[proofplan]
Part (i) is proved by writing a basis of $C_1 \mid C_2$ in terms of bases of $C_1$ and $C_2$. The natural candidates are the concatenated vectors $(x_i \mid x_i)$ for $x_i$ running over a basis of $C_1$, and the padded vectors $(0 \mid y_j)$ for $y_j$ running over a basis of $C_2$. We verify spanning by unpacking the definition of $C_1 \mid C_2$, and linear independence by projecting onto the second half. Part (ii) has two halves: the lower bound $\geq \min\{2 d(C_1), d(C_2)\}$ follows from a case split on whether the $y$ component is zero, with the Hamming triangle inequality used when $y \neq 0$; the upper bound $\leq \min\{2 d(C_1), d(C_2)\}$ follows by exhibiting explicit codewords $(x \mid x)$ of weight $2 w(x)$ and $(0 \mid y)$ of weight $w(y)$ for minimum-weight choices of $x \in C_1$ and $y \in C_2$.
[/proofplan]
[step:Record the Hamming weight and triangle inequality]
For $a \in \mathbb{F}_2^n$ the Hamming weight $w(a) = |\{i : a_i \neq 0\}|$ satisfies the [Triangle Inequality for Hamming Weight](/theorems/???):
\begin{align*}
w(a + b) \leq w(a) + w(b), \qquad a, b \in \mathbb{F}_2^n.
\end{align*}
For a concatenation $(a \mid b) \in \mathbb{F}_2^{2n}$ the weight splits additively, because the two halves have disjoint coordinate supports:
\begin{align*}
w(a \mid b) = w(a) + w(b).
\end{align*}
For a linear code $C \subseteq \mathbb{F}_2^m$ the minimum distance equals the minimum nonzero weight:
\begin{align*}
d(C) = \min\{w(c) : c \in C,\ c \neq 0\}.
\end{align*}
[/step]
[step:Assemble the candidate basis of $C_1 \mid C_2$]
Let $x_1, \dots, x_k \in \mathbb{F}_2^n$ be a basis of $C_1$, so $k = \operatorname{rank}(C_1)$, and let $y_1, \dots, y_\ell \in \mathbb{F}_2^n$ be a basis of $C_2$, so $\ell = \operatorname{rank}(C_2)$. Consider the collection of $k + \ell$ vectors in $\mathbb{F}_2^{2n}$:
\begin{align*}
B := \{\,(x_i \mid x_i) : 1 \leq i \leq k\,\} \cup \{\,(0 \mid y_j) : 1 \leq j \leq \ell\,\}.
\end{align*}
We show $B$ is contained in $C_1 \mid C_2$, spans $C_1 \mid C_2$, and is linearly independent.
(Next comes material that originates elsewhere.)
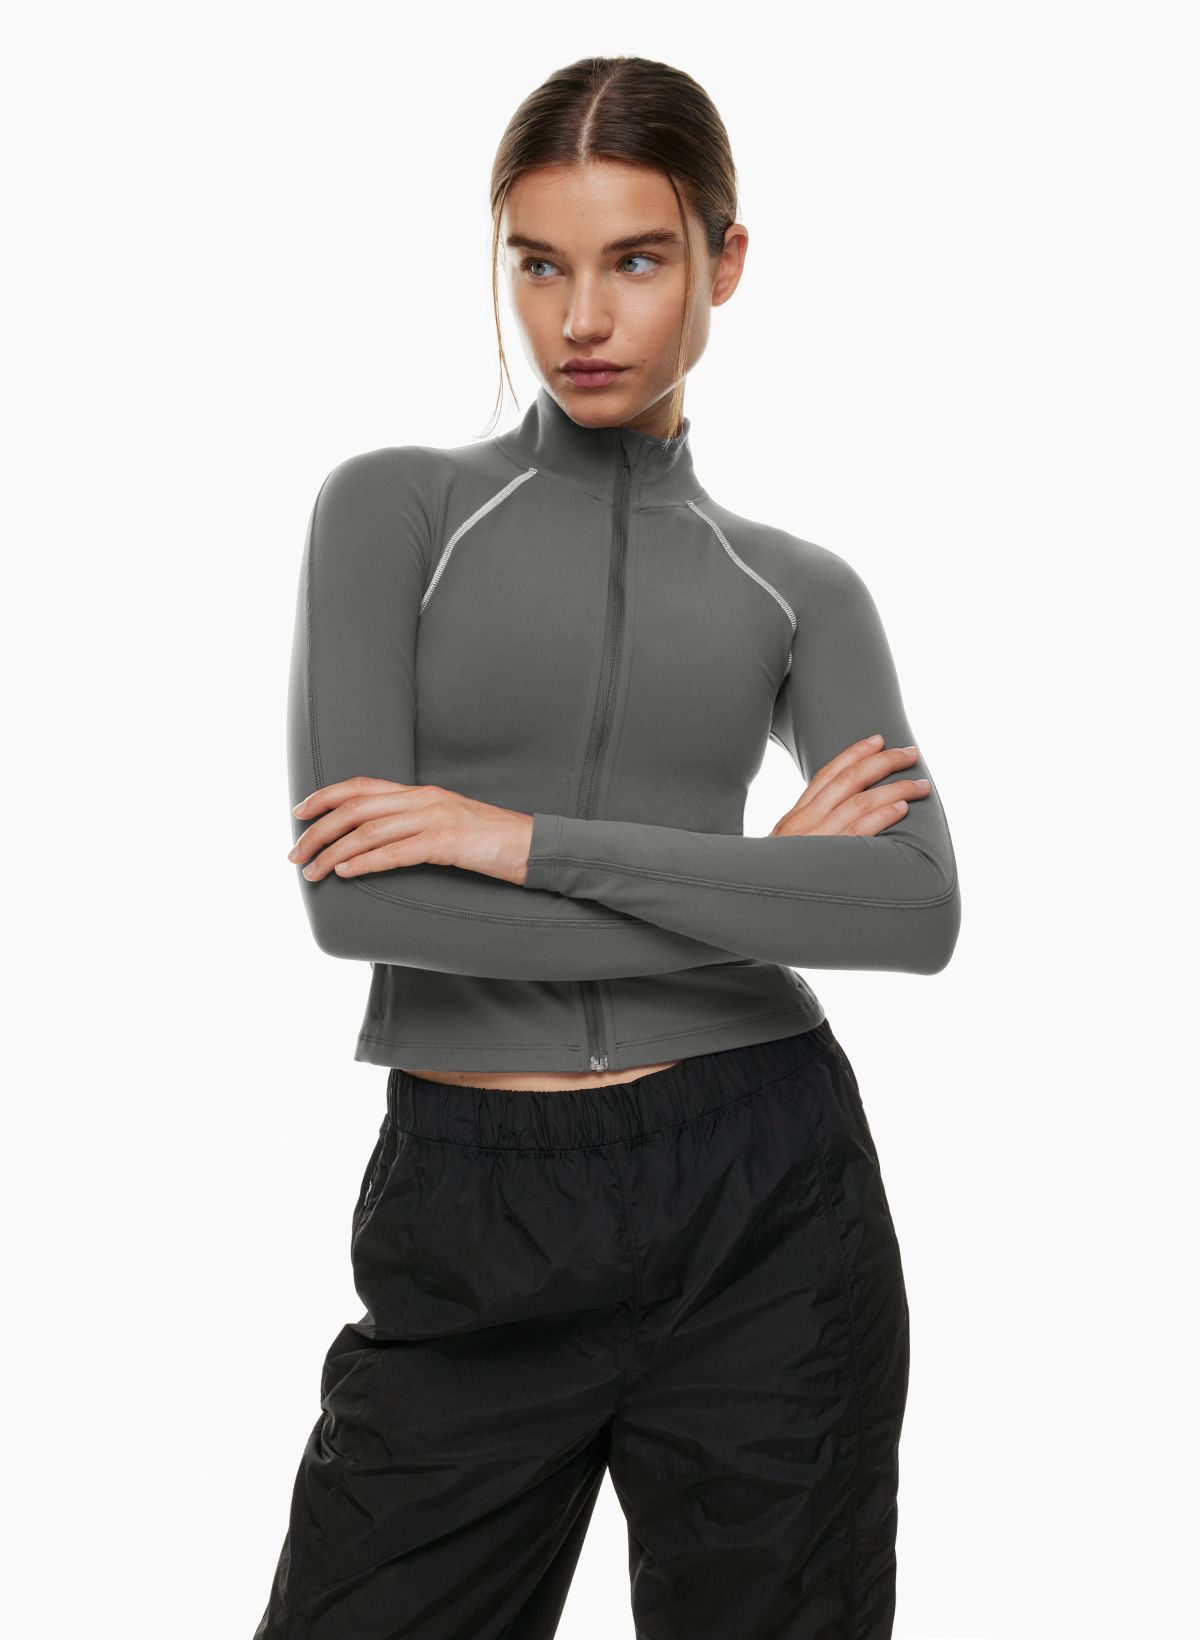 Lululemon Exhalation Sweatshirt Womens 4 Grey Long Sleeve Longline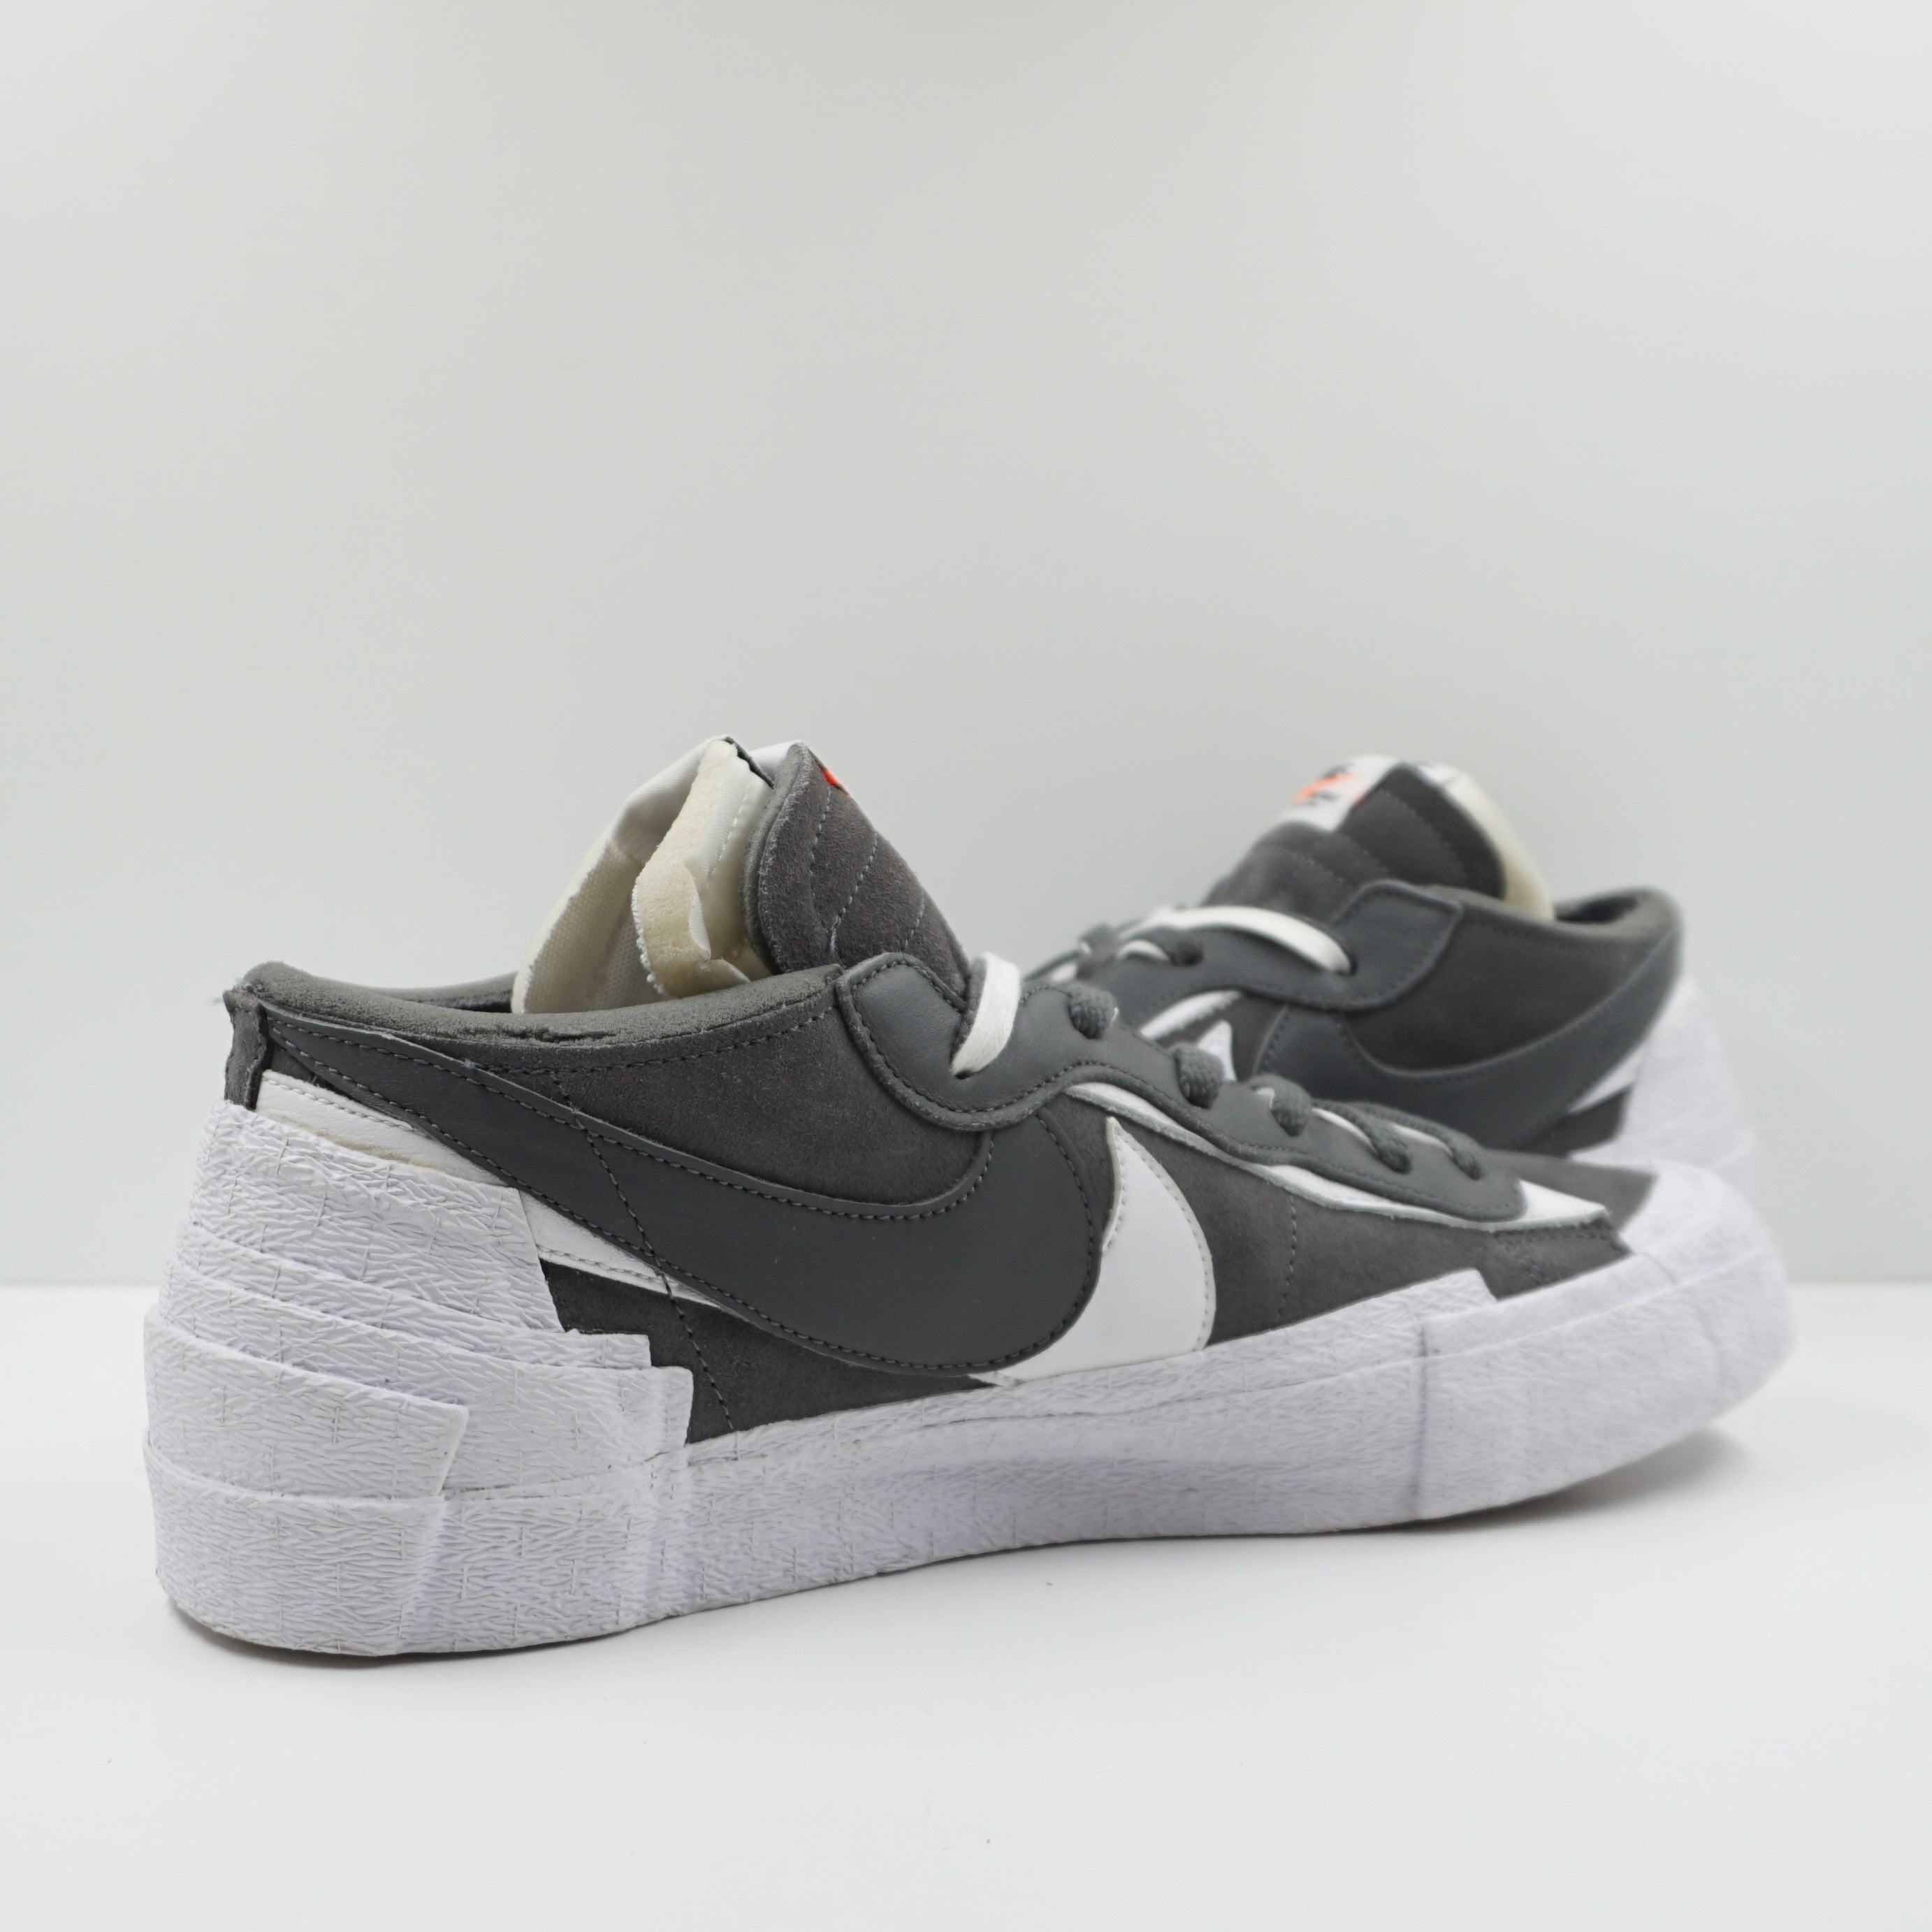 Nike Blazer Low Sacai Iron Grey

**Containment.** For $(x_i \mid x_i)$: take $x = x_i \in C_1$ and $y = 0 \in C_2$; then $(x \mid x + y) = (x_i \mid x_i)$. For $(0 \mid y_j)$: take $x = 0 \in C_1$ and $y = y_j \in C_2$; then $(x \mid x + y) = (0 \mid y_j)$. Both are in $C_1 \mid C_2$.
**Spanning.** Any element of $C_1 \mid C_2$ has the form $(x \mid x + y)$ with $x \in C_1$, $y \in C_2$. Writing $x = \sum_{i=1}^k \alpha_i x_i$ and $y = \sum_{j=1}^\ell \beta_j y_j$ with $\alpha_i, \beta_j \in \mathbb{F}_2$, we obtain
\begin{align*}
(x \mid x + y) = \left(\sum_i \alpha_i x_i \ \Big|\ \sum_i \alpha_i x_i + \sum_j \beta_j y_j \right) = \sum_i \alpha_i (x_i \mid x_i) + \sum_j \beta_j (0 \mid y_j),
\end{align*}
which is an $\mathbb{F}_2$-linear combination of elements of $B$.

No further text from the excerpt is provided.